Jeanine Swenson, MD, FAAP, FACC, LMFT
Things seem to be changing quickly in our world. Gradually obscenities have crept into interactions and our ever-expanding culture. Many of us value freedom of speech as an individual right, and this may have hindered any discussions regarding possible downsides or meaning to this interactive trend. What, if anything, does it imply for our collective future?
Our language, rooted in Latin, contains almost one million words. Certainly lack of word choice cannot be the problem. But it is just a few four-lettered utterances; why should we worry?
Our nation is one of the top three in the world in population and is becoming more crowded, hectic and urbanized. We must adapt quickly to changes in our demographics. In our communities, things have sped up and we may not have the same kind of time for connecting and truly knowing our neighbors. It’s hard to appreciate the effects of stress when it is part of your everyday life.
Like water we drink or air that we breathe, stress just seems to be part of our 21st century landscape. How much of our language is a symptom of our times and the extreme pressure and complexity of modern life today?
On an interpersonal level, speech and self-expression reflect one’s thoughts, feelings, education and upbringing and this output is highly visible to the world. Don’t we want this manner of communicating to be as positive and complimentary as possible?

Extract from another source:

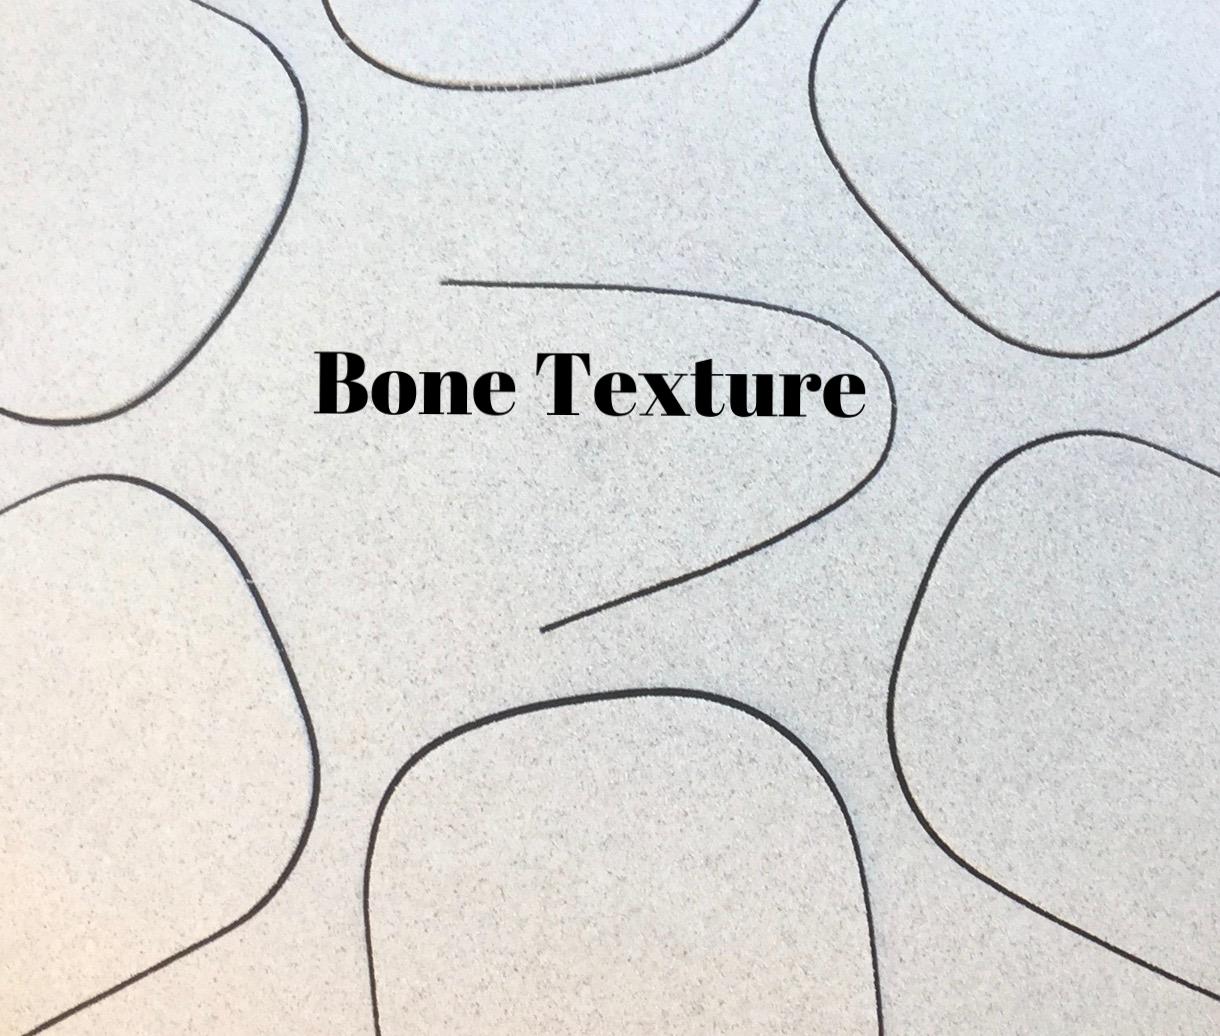 Bone Texture_2362 (1).jpg

Sadly, I have long discussions with my teenage children about whether certain four-letter words are even obscenities because they have become so commonplace and accepted. To prove his point, this week my son pointed out two four-letter words printed in a chapter book intended for seven to twelve-year-old readers.
Many would suggest that this dissemination of foul language could be the harbinger of more serious cultural decline. The phrase “culture of disrespect” was coined by Dr. David Walsh in his 2004 novel entitled, “Why Do They Act That Way? A survival guide to the adolescent brain for you and your teen.” In dissecting the negative impact of violent media content to which Americans are increasingly being exposed, Dr Walsh proclaims, “the most important effect of this diet of violent behavior, in my opinion, isn’t actual violent behavior but the culture of disrespect it has created and nourished.” Speech and language is one of mechanisms by which this culture of disrespect is replicated and propagated. We must be concerned when even the smallest mouths are talking up a blue streak.
Like any significant behavioral change, any improvement in language is going to take collective effort from all concerned individuals and caring adults. But, I ask you, where are the caring adults?
Obscenities have seeped into many aspects of our mass media including music, magazines, movies, and television and seem to be aimed disproportionately toward the most impressionable minds. But the time is now to start countering these messages.
One of the most effective ways to show disapproval of anything in a capitalistic society is to stop buying it. Ultimately it is the consumer who wields the power and decision-making ability. By showing disapproval and offense at the hurling of these vulgarities, each individual can do his or her part to discontinue one aspect of this growing culture of anger and disrespect.
Sadly I have no answers here, only questions? Who will enact change? Certainly, our children deserve a culture of respect, and I for one am willing to do the work necessary to change it. Are you?